My action item on Moby Dec, issue 14, etc from Tim Bray on 2002-09-19 (www-tag@w3.org from September 2002)

From: Tim Bray <tbray@textuality.com>
Date: Wed, 18 Sep 2002 21:38:40 -0700
To: WWW-Tag <www-tag@w3.org>
Message-ID: <3D8954D0.3020208@textuality.com>
When I say "Webarch" I mean http://www.w3.org/TR/2002/WD-webarch-20020830/

Following on a recent TAG telecon, I took an action item to chip away at 
the coalface exposed by excavating around our issue HttpRange-14, in 
which area  the TAG is more or less at an impasse.  Although I say 
nothing about the range of HTTP URIs, I nonetheless claim this 
discharges my action item.

I'm going to focus on the Webarch Principle that reads "Absolute URI 
references are unambiguous: Each absolute URI reference unambiguously 
identifies one resource."

Upon consideration, I think that this principle:

(a) is probably false, and
(b) there is no way to test, observationally, whether this principle is 
true or false, thus it falls outside the scope of science, and
(c) has little bearing on Web architecture from the point of view of 
people who implement real software, and
(d) Webarch has no need to say anything about what resources are, aside 
from a reference to the lightweight definition found in RFC2396 
("anything that has identity"), so
(e) This principle should simply be removed from Webarch forthwith.

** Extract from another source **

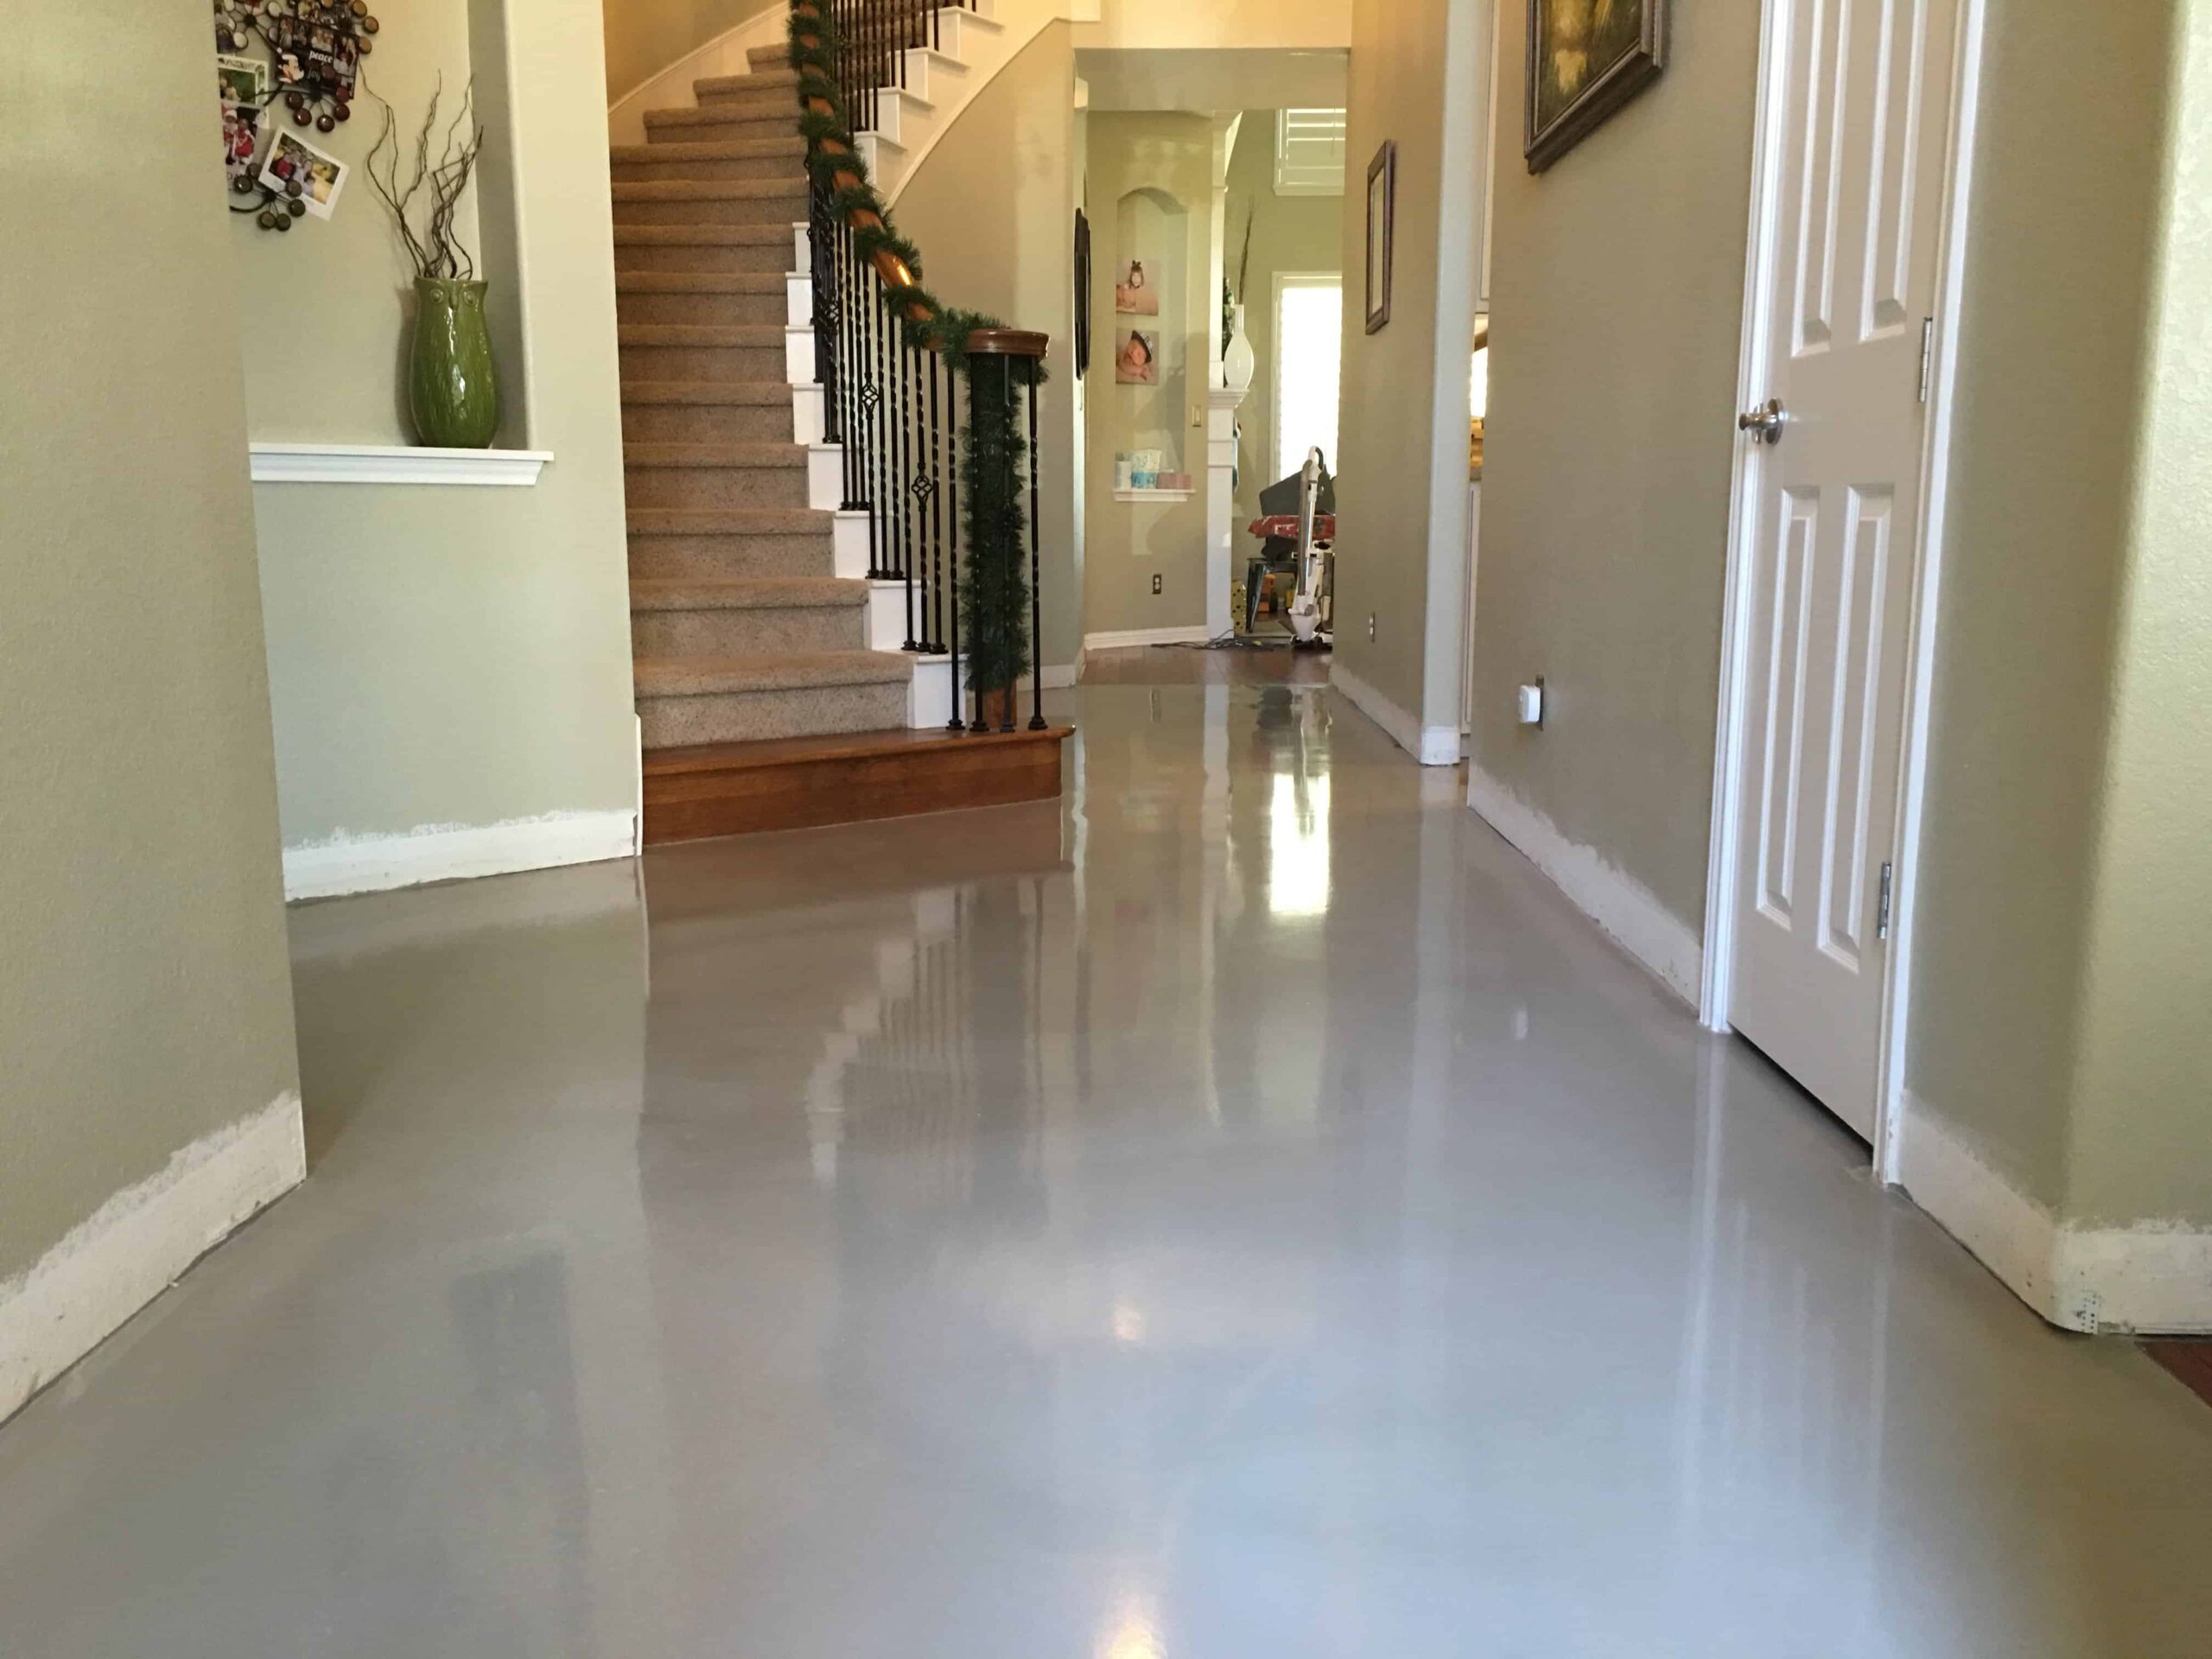 Shiny and glossy solid epoxy flooring in residential house. San antonio

In fact, unless a new line of argument comes up to make me change my 
mind, I'm probably going to become a hard-core advocate (as in do this 
or take my name off the document) of losing this counter-productive 
alleged "principle".

To take these up in order:

(a) I could easily synthesize a URI that when dereferenced, alternately 
returned representations of the current weather in Oaxaca and pictures 
of my adorable cat Bodoni.  I could, whenever the whimsy struck me, 
change one of the alternate representation generators to whatever struck 
my whimsy that day. This URI simply does not in any practical sense 
identify a single anything.

(b) Notwithstanding the above, I could construct an argument (which 
would be pretty strained and sophistry-packed) that the URI above does 
represent a resource whose definition involves T. Bray's whimsy and so 
on.  Man people would not be convinced.  It doesn't matter; since a URI 
is just a URI, there is no machine-testable way to ascertain whether the 
resource(s) whose representation(s) is(are) retrieved are one or many. 
Thus this so-called principle is non-testable, outside the domain of 
science, and can be (at best) an assertion of a particular world-view. 
I will freely grant that we normally assume URIs are bound unambiguously 
to resources that have some material or conceptual solidity, but this is 
such a truism that I'd feel silly spelling it out in this document.

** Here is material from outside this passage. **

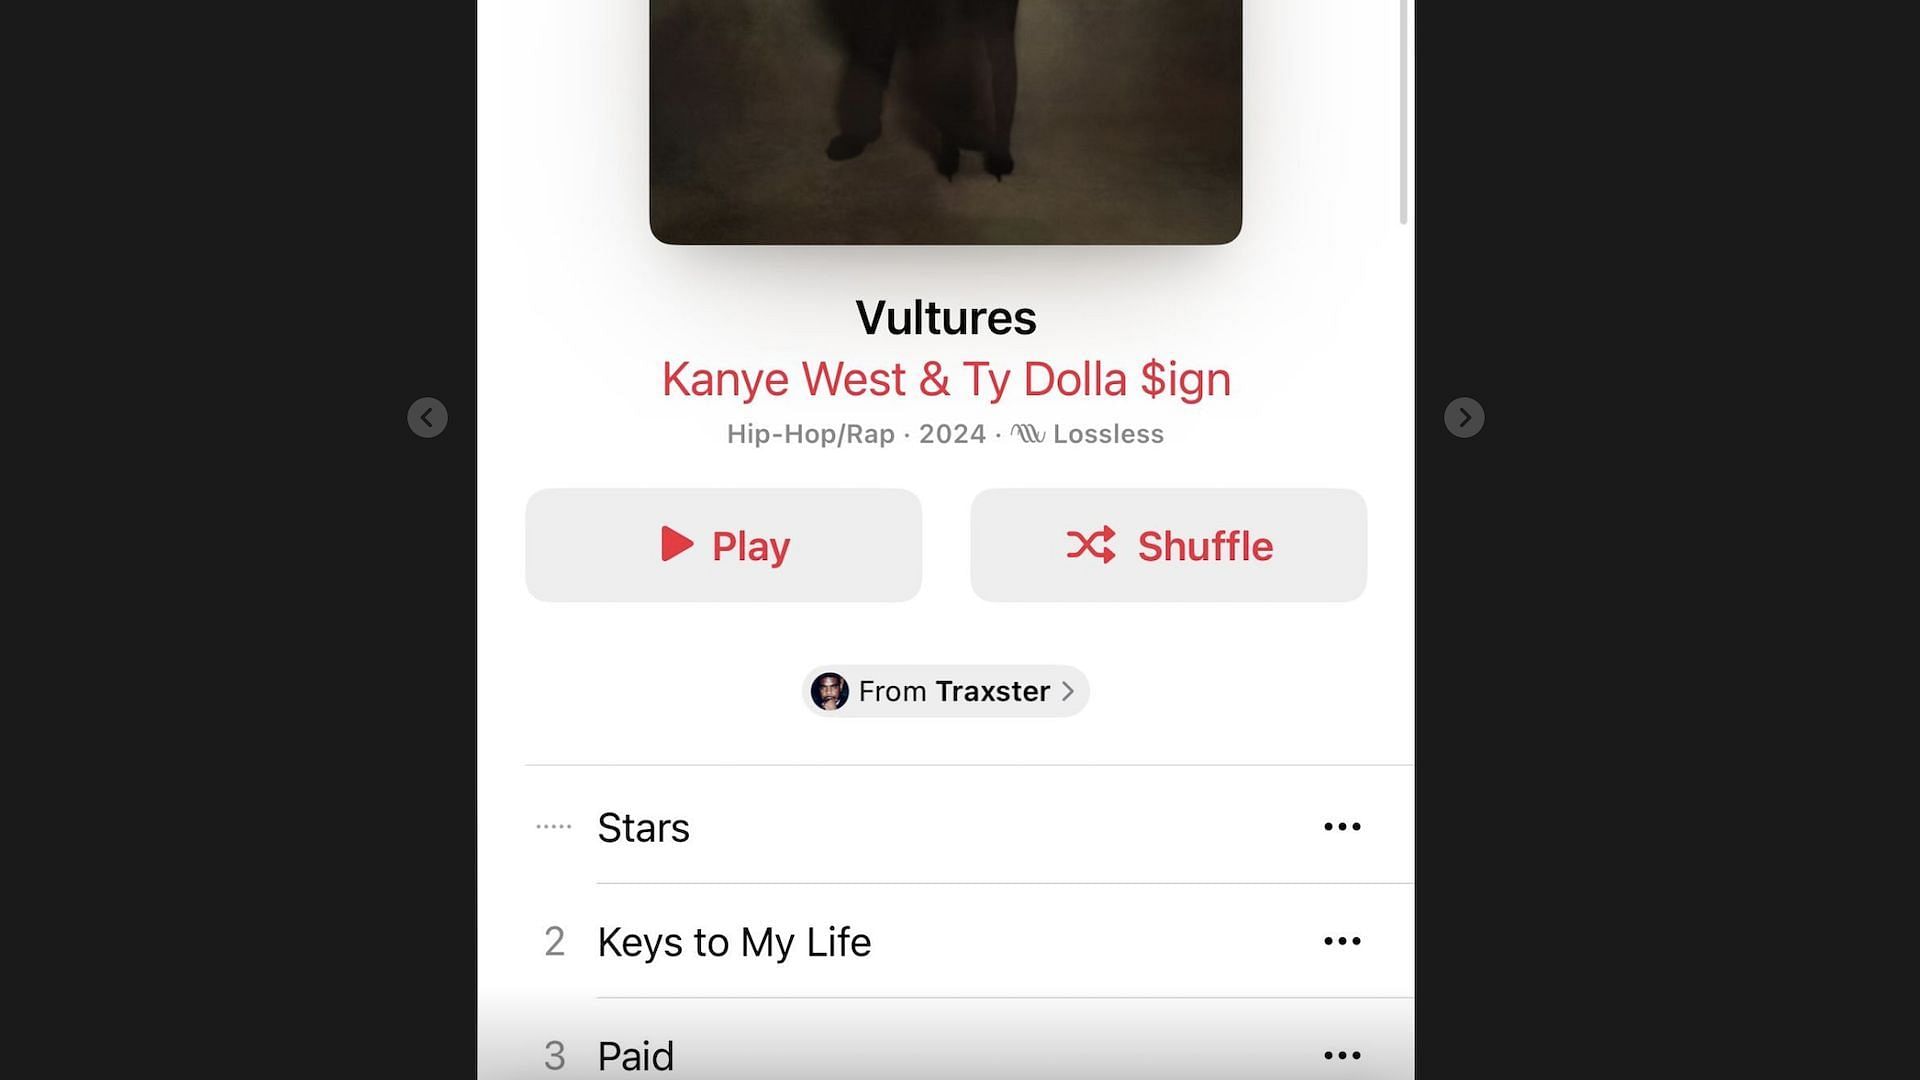 A story posted by Ye confirming Vultures by Kanye West and Ty Dolla $ign is officially out now on Apple Music (Image via kanyewest/Instagram)

(c) From the software builder's point of view, a URI is a character 
string whose syntax is governed by the appropriate RFCs upon which a 
small number of operations can be performed; the only one you can count 
on is comparison with other URIs.  Some URIs can also be dereferenced to 
yield a representation.  The workings of none of these operations are 
affected in the slightest by what a resource "is", granted only that the 
implementor bears in mind that what they're getting is a representation, 
with the limitations that implies.

URIs are also useful (as in RDF) in representing knowledge and building 
frameworks of assertions with the aim of performing inference.  Clearly, 
chains of inference break messily if a URI is used to refer to different 
things.  For example, if there is ambiguity about whether a particular 
URI refers to Moby Dick, the work, or Moby Dick, the particular printed 
volume on the shelves of some library, or the electronic catalogue 
record describing that particular paper artifact, all sorts of problems 
arise: is "size" to be measured in words of the novel, in pages of one 
printing, or in bytes consumed by a catalog record?

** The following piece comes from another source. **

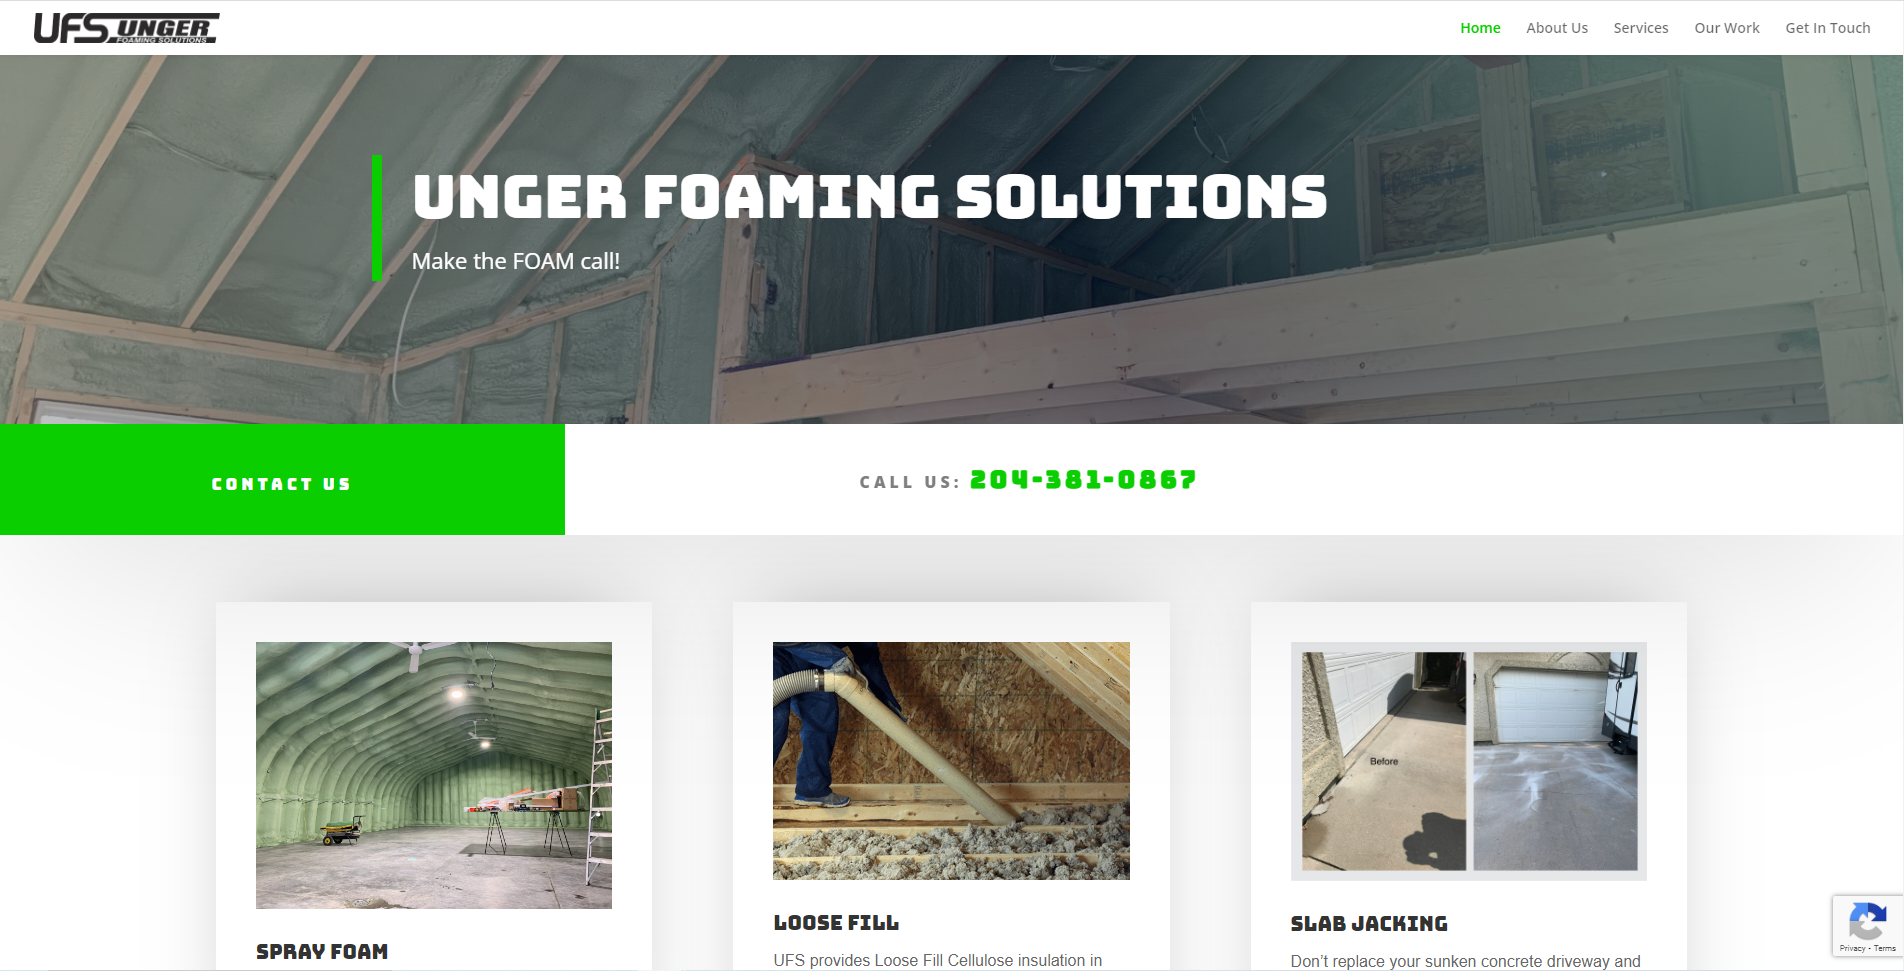 Website Design for Unger Foaming Solutions. A website build with strong design and services focus.

Unfortunately, in the real world, this kind of confusion will arise - no 
conceivable application of computer technology or social organization 
can prevent it - and knowledge representation systems need to be able to 
deal with the resulting dissonance.  The smooth operation of any system 
on which inference is to be based had better have a type system, and for 
any one object, agreement on the type of the object, before inference 
can proceed. In fact, detection of the case where ambiguity exists, and 
a robust strategy for operating when it is detected (even if it's only 
the KR equivalent of "404 not found") seems like a <i>sine qua non</i> 
for the progress of the Semantic Web.

An assertion in Webarch that such confusion cannot occur is as futile as 
the medieval church's insistence that Copernicus was wrong, or the 
classical hypertext theorists' assertion that links must not be allowed 
to break.

(d) The discussion about what a resource is is a well-known rathole 
which has consumed endless cycles and time among some of the world's 
smartest and most experienced practitioners.  Once we've noted what 
RFC2396 says on the subject, there are a bunch of other useful things we 
can say (all the other principles in section 2.1 of Webarch), none of 
which are in the slightest weakened or perceptibly affected by what a 
resource may or may not be. Fortunately, we need not go there.

(e) Let's get rid of this thing.  We will free up time to work on the 
important material in Section 3, we will remove content that has to do 
more with metaphysics than engineering, and we will not remove the 
tiniest atom of value from the document.  -Tim
Received on Thursday, 19 September 2002 00:38:44 UTC